**Data block**
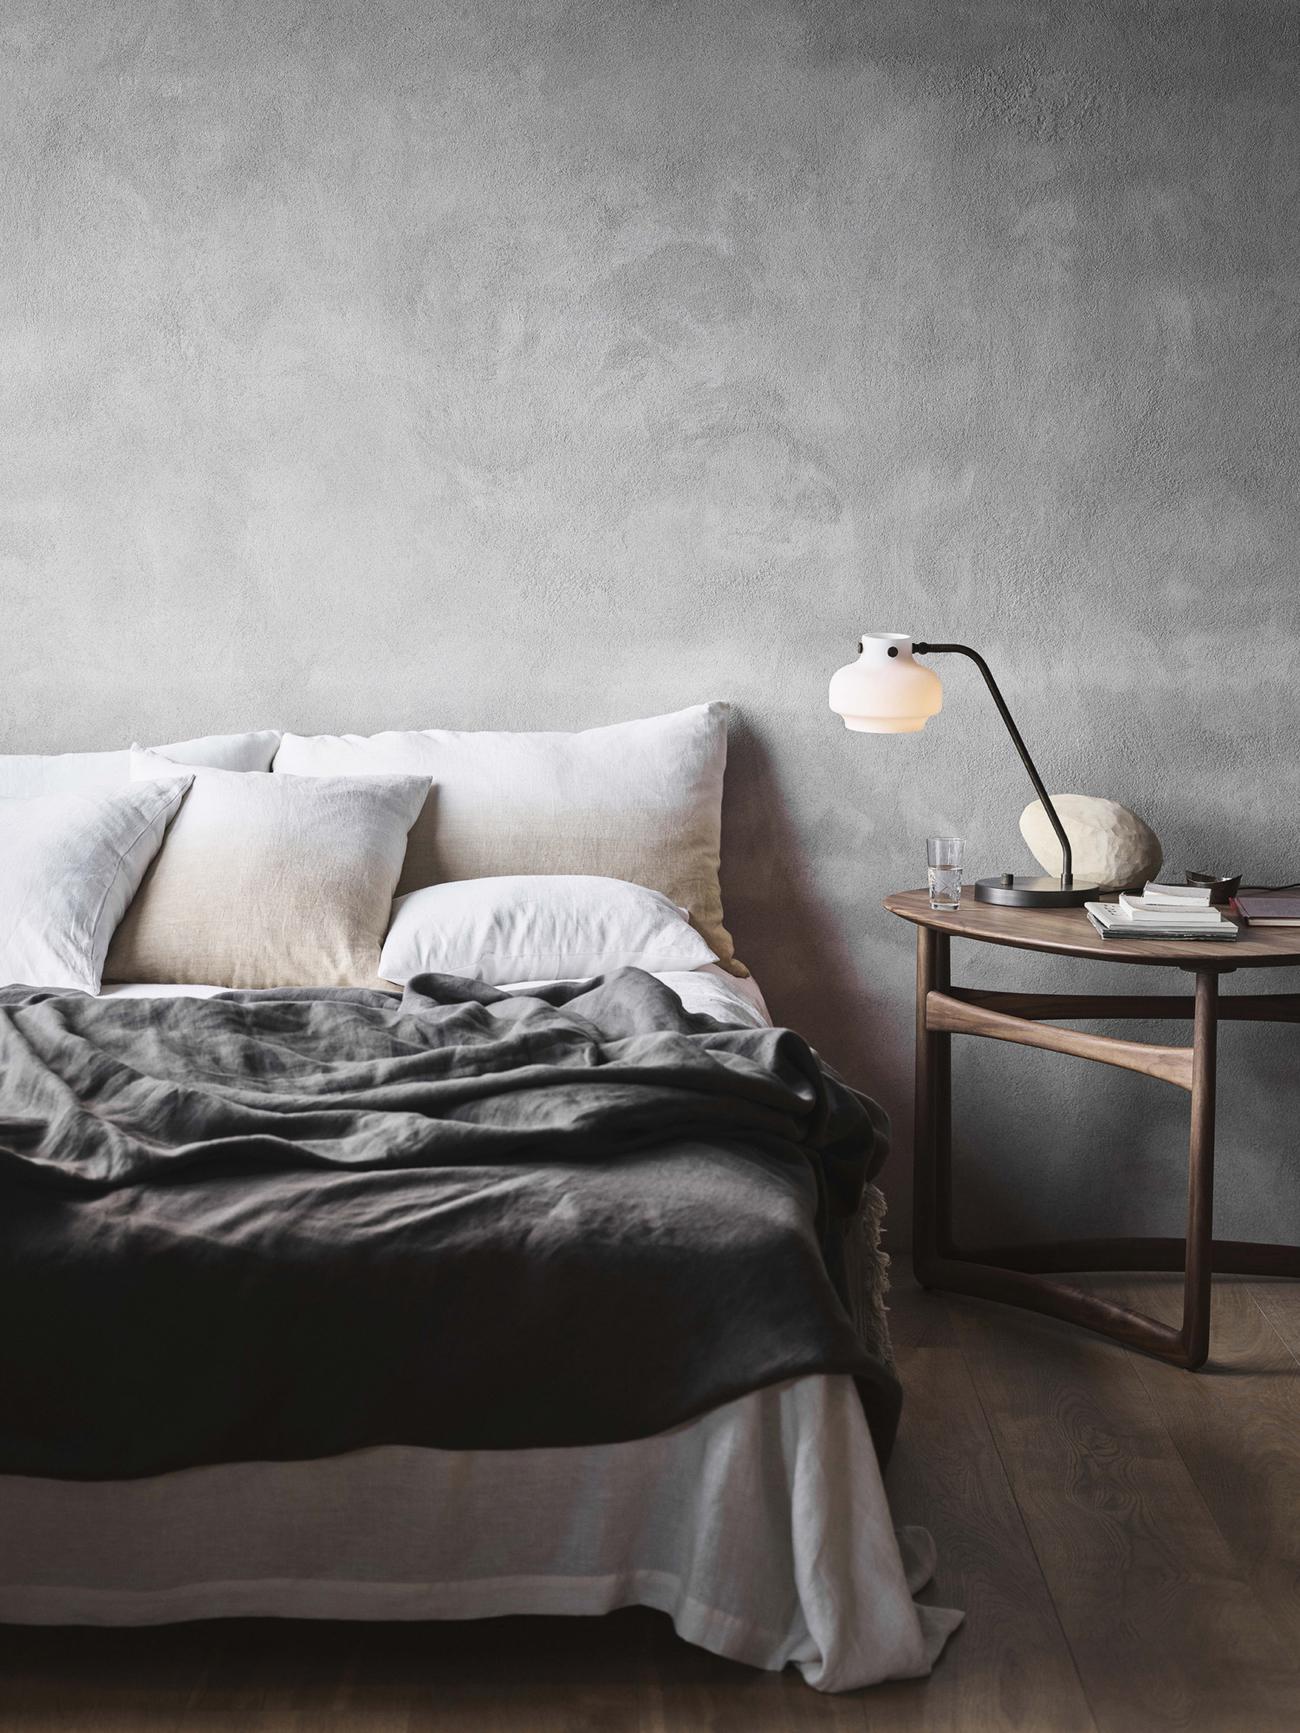 https://www.fundesign.nl/media/catalog/product/a/t/atd_lifestyle_2020_copenhagen_sc15_drop-leaf_hm5-tradition-collect-indigo-cushion-sc28-sc30-linen-cushion-sc27-sc28-bedspread-sc31-edit_web-1500x2000.jpg
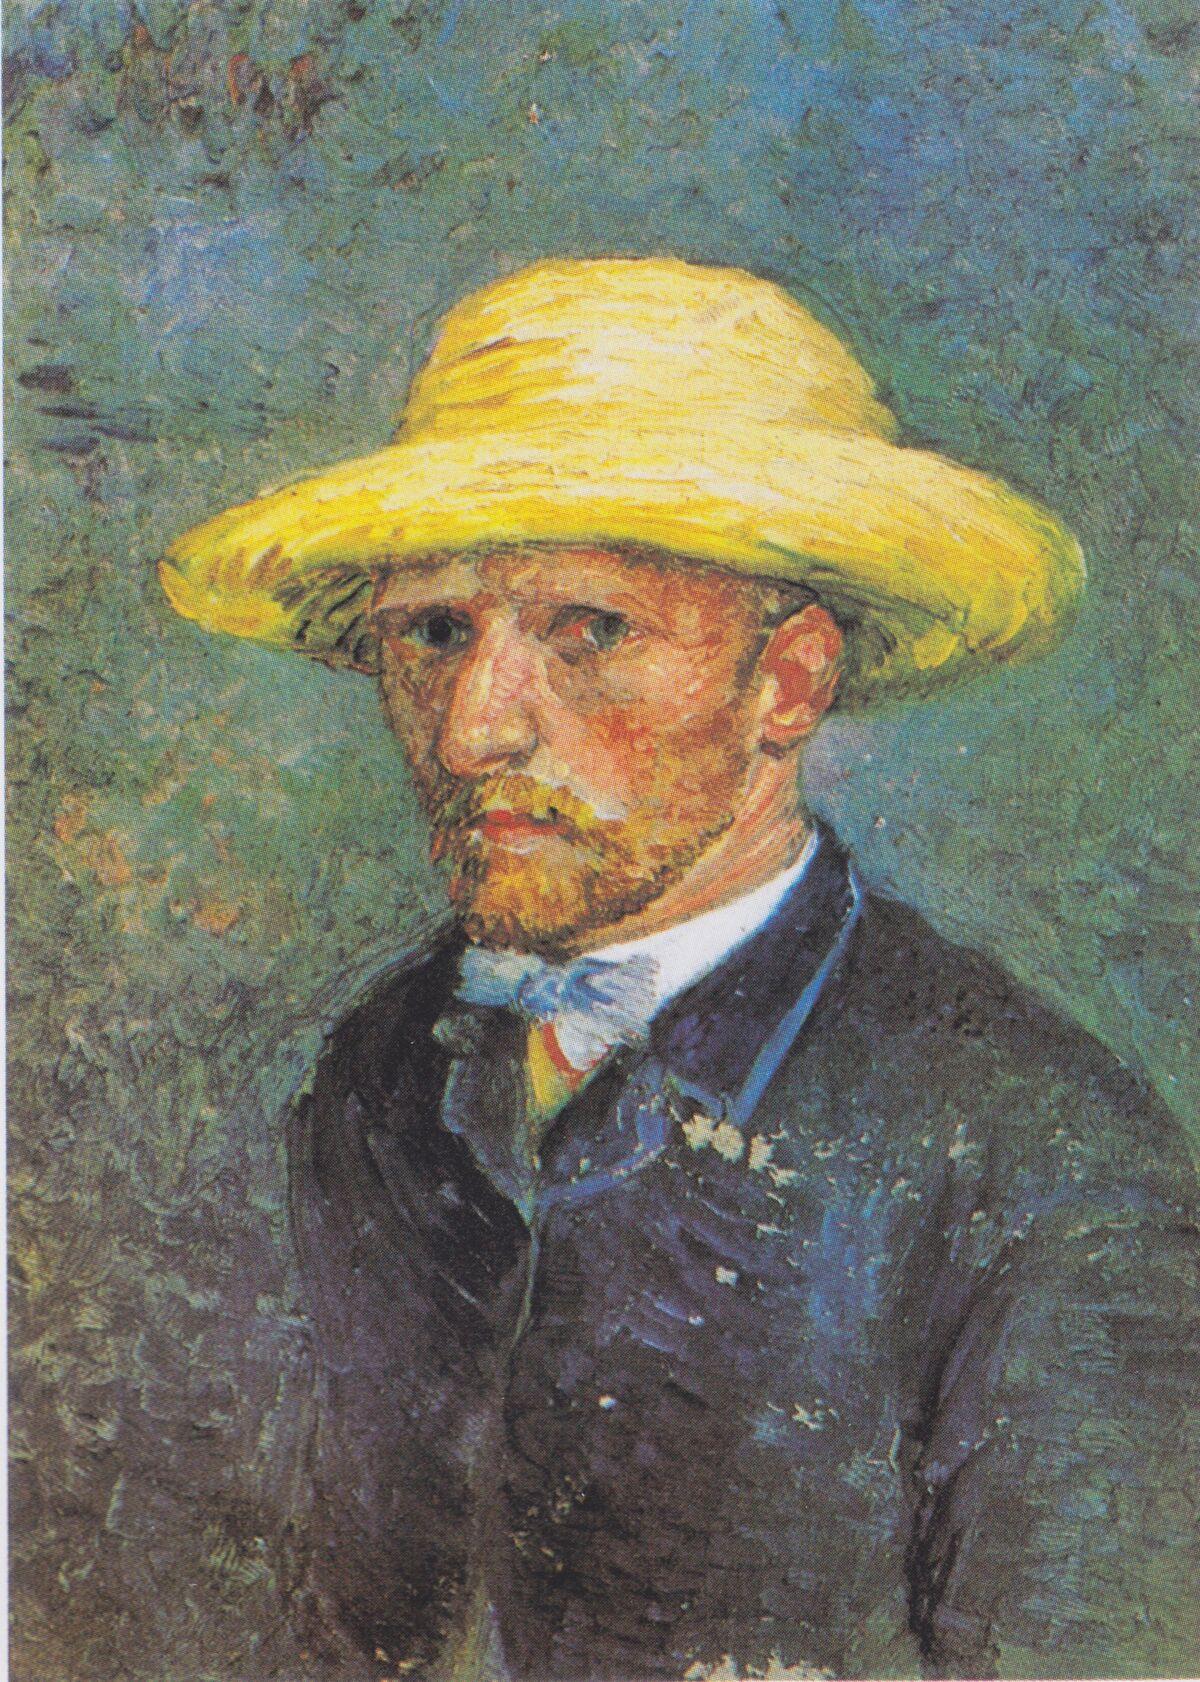 Vincent van Gogh, Portrait of Theo van Gogh, 1887. Photo via Wikimedia Commons.
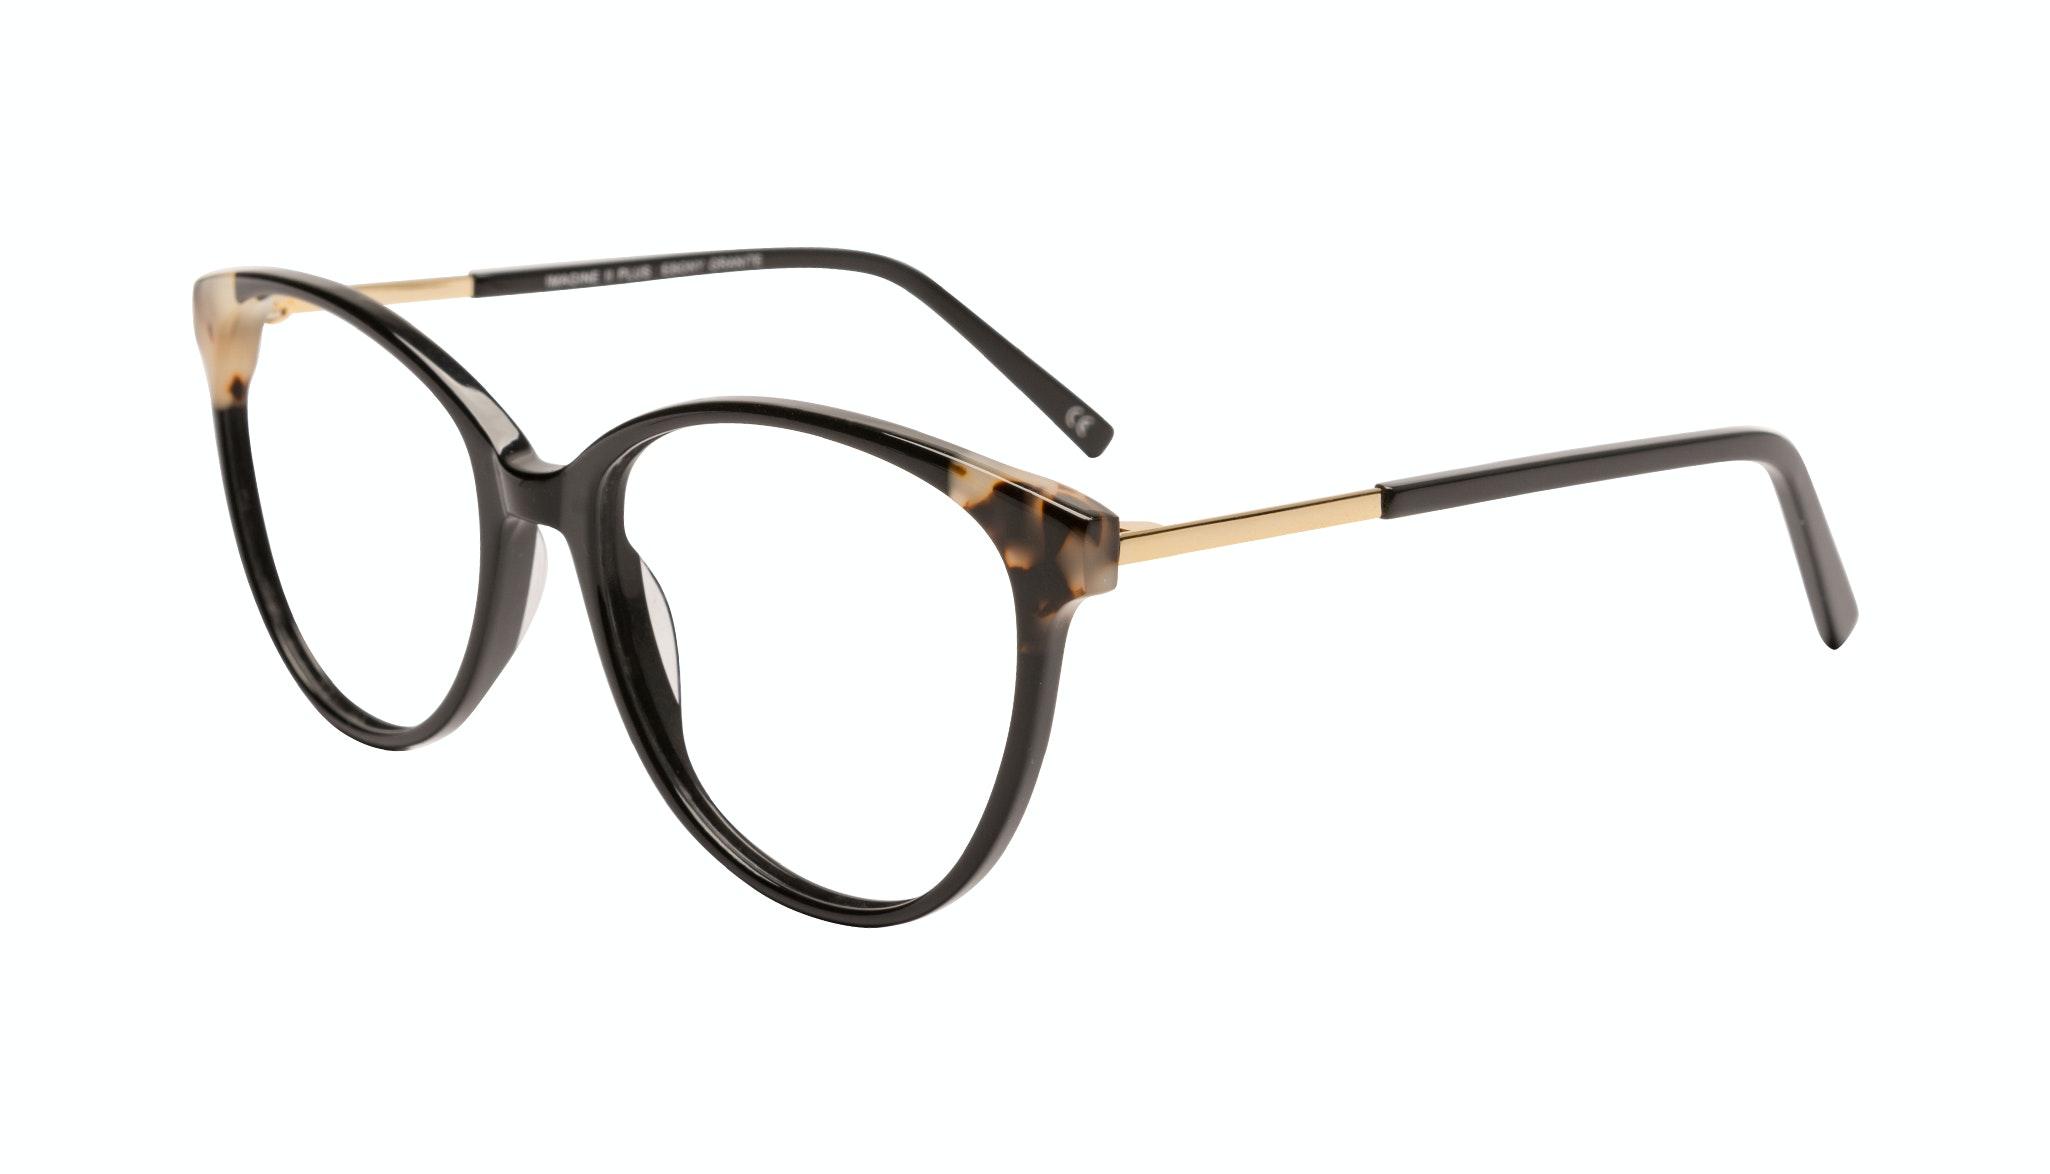 Affordable Fashion Glasses Round Eyeglasses Women Imagine II Plus Ebony Granite Tilt

**Brief**
Drop the images and repeat the data exactly.

**Exercise answer**
 https://www.fundesign.nl/media/catalog/product/a/t/atd_lifestyle_2020_copenhagen_sc15_drop-leaf_hm5-tradition-collect-indigo-cushion-sc28-sc30-linen-cushion-sc27-sc28-bedspread-sc31-edit_web-1500x2000.jpg
 Vincent van Gogh, Portrait of Theo van Gogh, 1887. Photo via Wikimedia Commons.
 Affordable Fashion Glasses Round Eyeglasses Women Imagine II Plus Ebony Granite Tilt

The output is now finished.